Problem:
The whole listing, please: repeat it exactly, with the pictures left out.

Data below:
*****

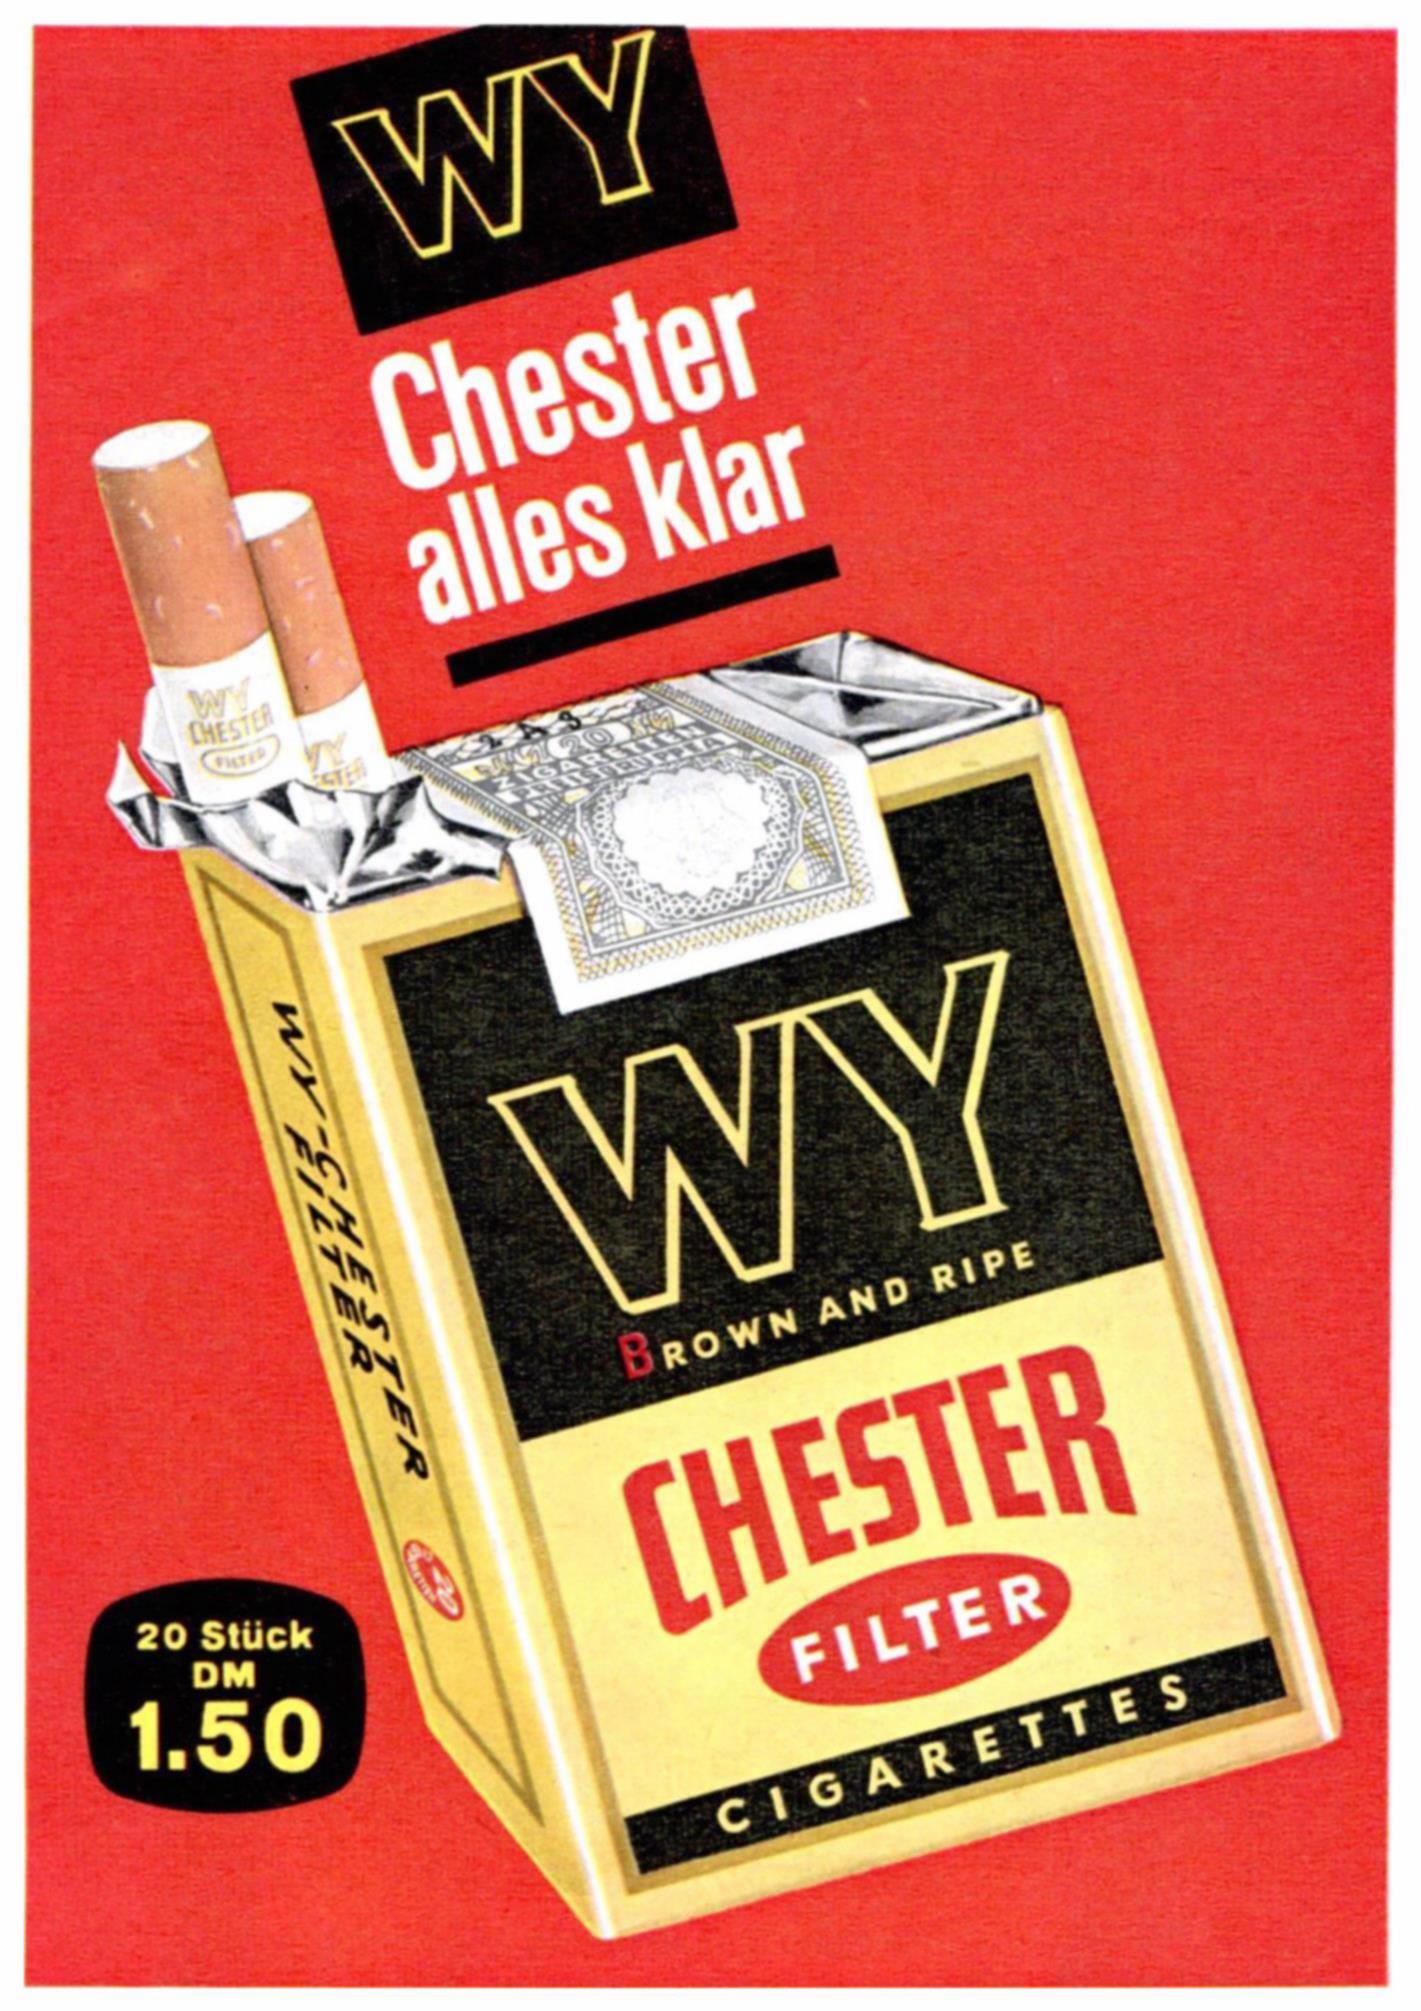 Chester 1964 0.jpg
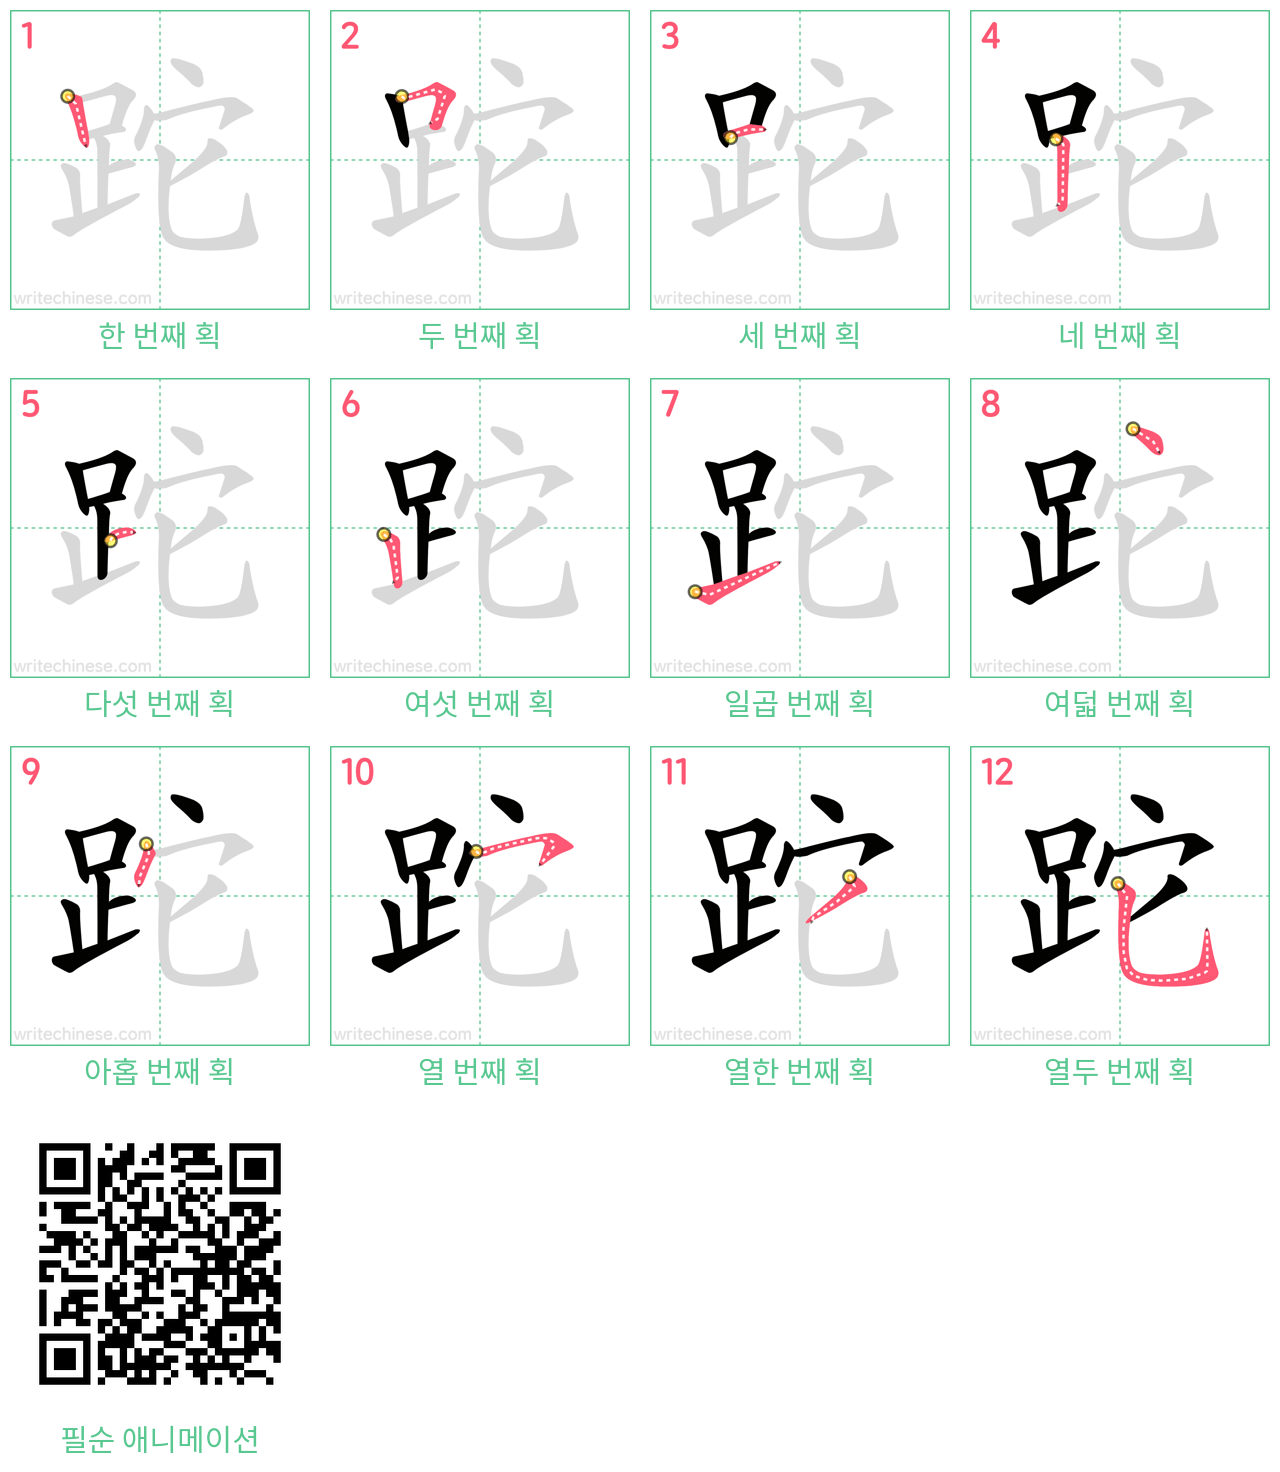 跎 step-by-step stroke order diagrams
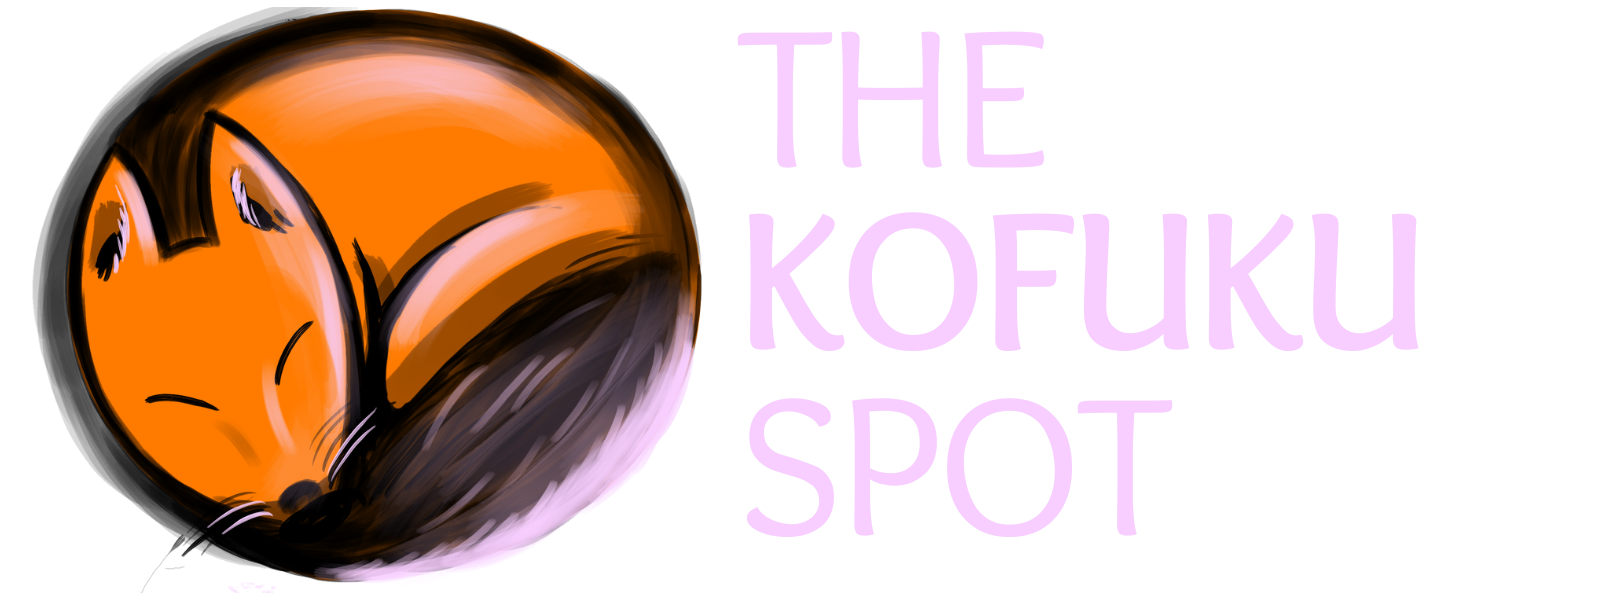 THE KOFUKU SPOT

*****

Response:
 Chester 1964 0.jpg
 跎 step-by-step stroke order diagrams
 THE KOFUKU SPOT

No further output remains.